In Funk v. General Motors Corp., 392 Mich. 91 (1974), the seminal Michigan case for common work area liability, a plumber was injured when he fell thirty feet from a roof while working at a General Motors construction site. Despite the fact that the plumber was working under the supervision of a plumbing subcontractor, the Michigan Supreme Court extended Michigan tort law to impose a duty on General Motors as the general contractor to provide reasonable safety precautions for common work areas.
In the wake of Funk, Michigan courts have imposed liability under the common work area doctrine in a variety of situations. See Plummer v. Bechtel Construction Co., 440 Mich. 646 (1992) (where a subcontractor's employee fell from a catwalk and was injured); see also Erickson v. Pure Oil Co., 72 Mich. App. 330 (1976) (where an iron worker fell off the roof of a construction site). Nevertheless, the Court is unaware of any case where the courts have found a tool work station to be a common work area. This Court is not inclined to further extend the common work area doctrine to include such an area.
The rationale of Funk and its progeny is that it is sometime appropriate to require general contractors to provide safety precautions for common work areas in order to promote the public policy reason of increased work-site safety. See Plummer v. Bechtel, 440 Mich. at 668 ("The common work area formulation sought to distinguish between a case where it was appropriate to impose overall safety responsibility on the general contractor and one where it would not be appropriate."). With this rationale in mind, the Court believes that it is not appropriate to impose liability in the present case.

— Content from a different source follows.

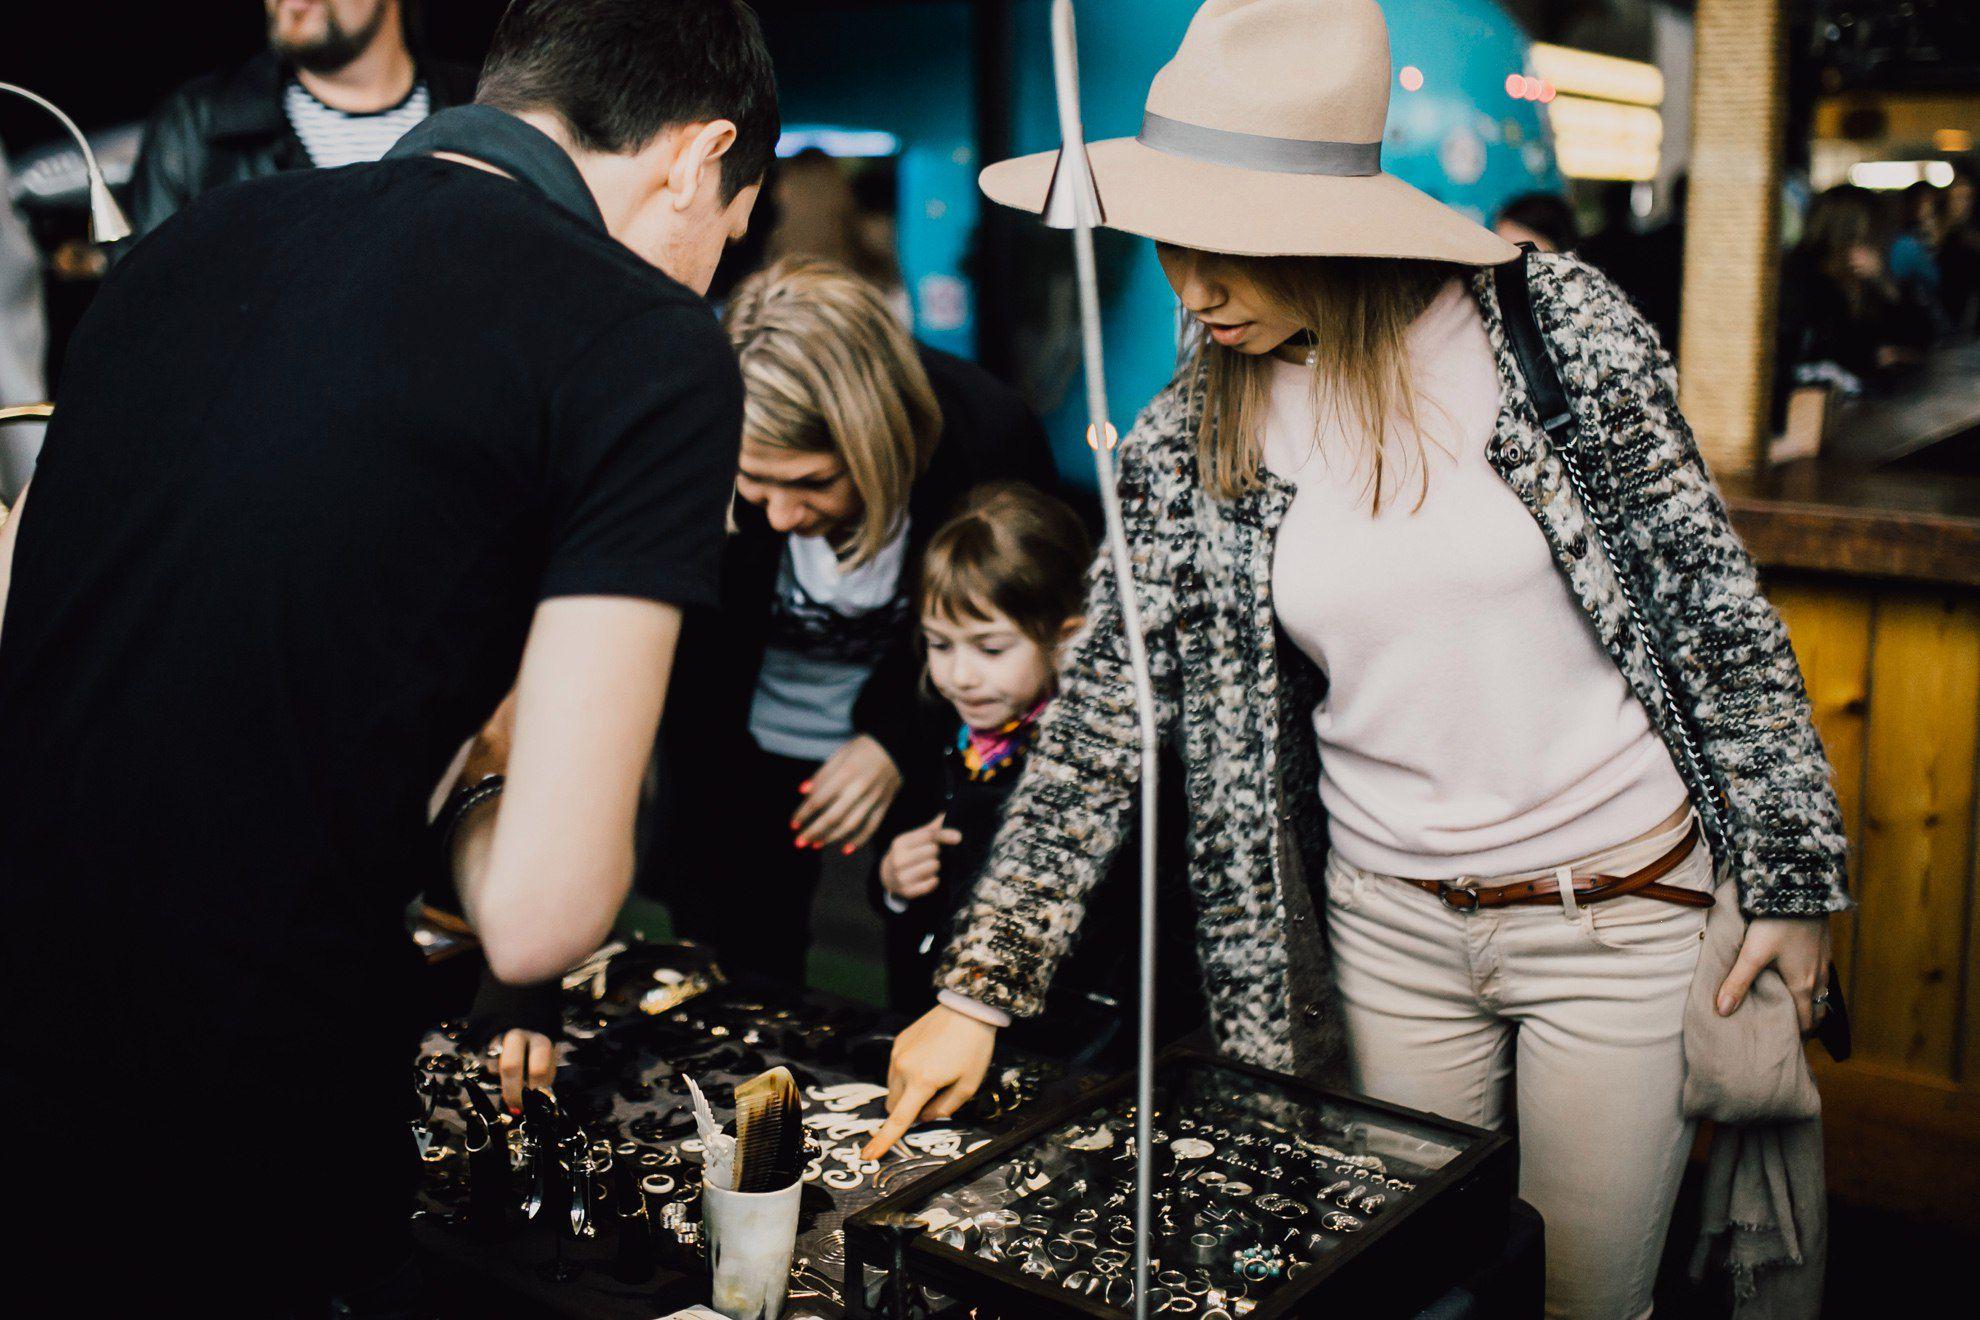 Фестиваль альтернативной моды и дизайна Concept Market фото 1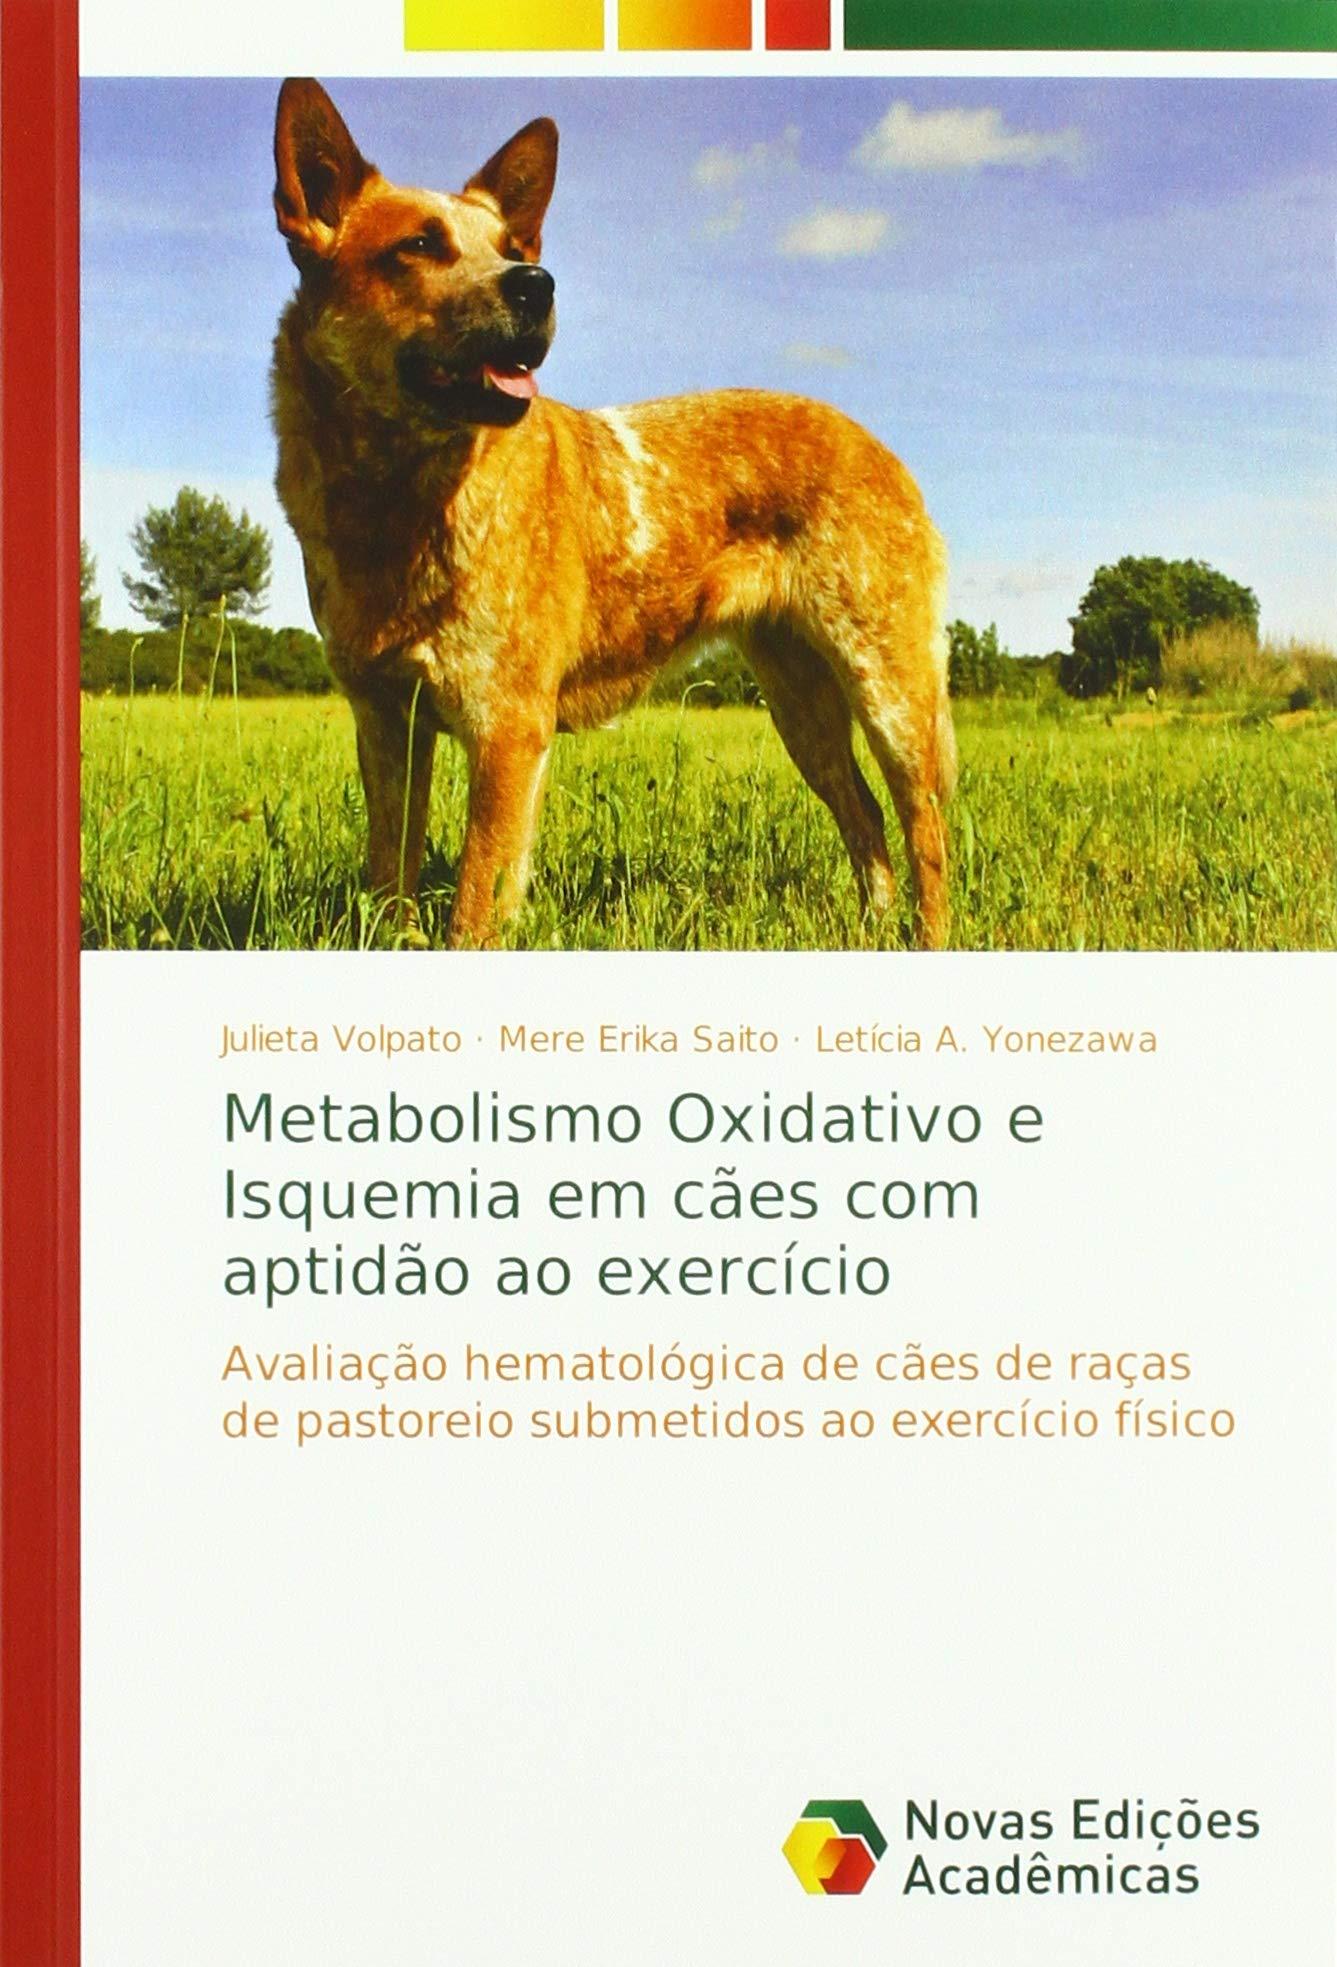 Metabolismo Oxidativo e Isquemia em cães com aptidão ao ...

Plaintiff has not presented the Court with any evidence showing that Defendant Expo controlled the table saw where Plaintiff was injured. Instead, the evidence before the Court suggests that Plaintiff's employer CSS supervised the carpentry and controlled the table saw. CSS foreman Ed Milne explained in his deposition that CSS's policy, since it is a union, is that "[Expo] can't touch tools or fabricate anything, run equipment." See Defendant's Brief, Exhibit J, at 11. Furthermore, Milne explained that he was in charge of assigning the carpenters and to make sure that only the carpenters were doing the work. See id. Based on these facts, CSS was in the best position to prevent the injury and to safeguard its workers.
Because Funk's rationale for extending liability to the general contractor does not exist in the present case, the Court does not believe it is appropriate to extend the "common area" doctrine to require general contractors to provide safety precautions for the tools used by the employees of their subcontractors. For these reasons, Count 3 of Plaintiff's Complaint (Retained Control and Common Work Area Liability) should be dismissed.
V. CONCLUSION
For the above reasons, the Court HEREBY GRANTS Defendant's Motion for Summary Judgment as to Counts 2 (Direct Liability) and 3 (Retained Control and Common Work Area Liability) of Plaintiff's Complaint. The Court HEREBY DENIES Defendant's Motion for Summary Judgment as to Count 1 (Vicarious Liability).IT IS SO ORDERED.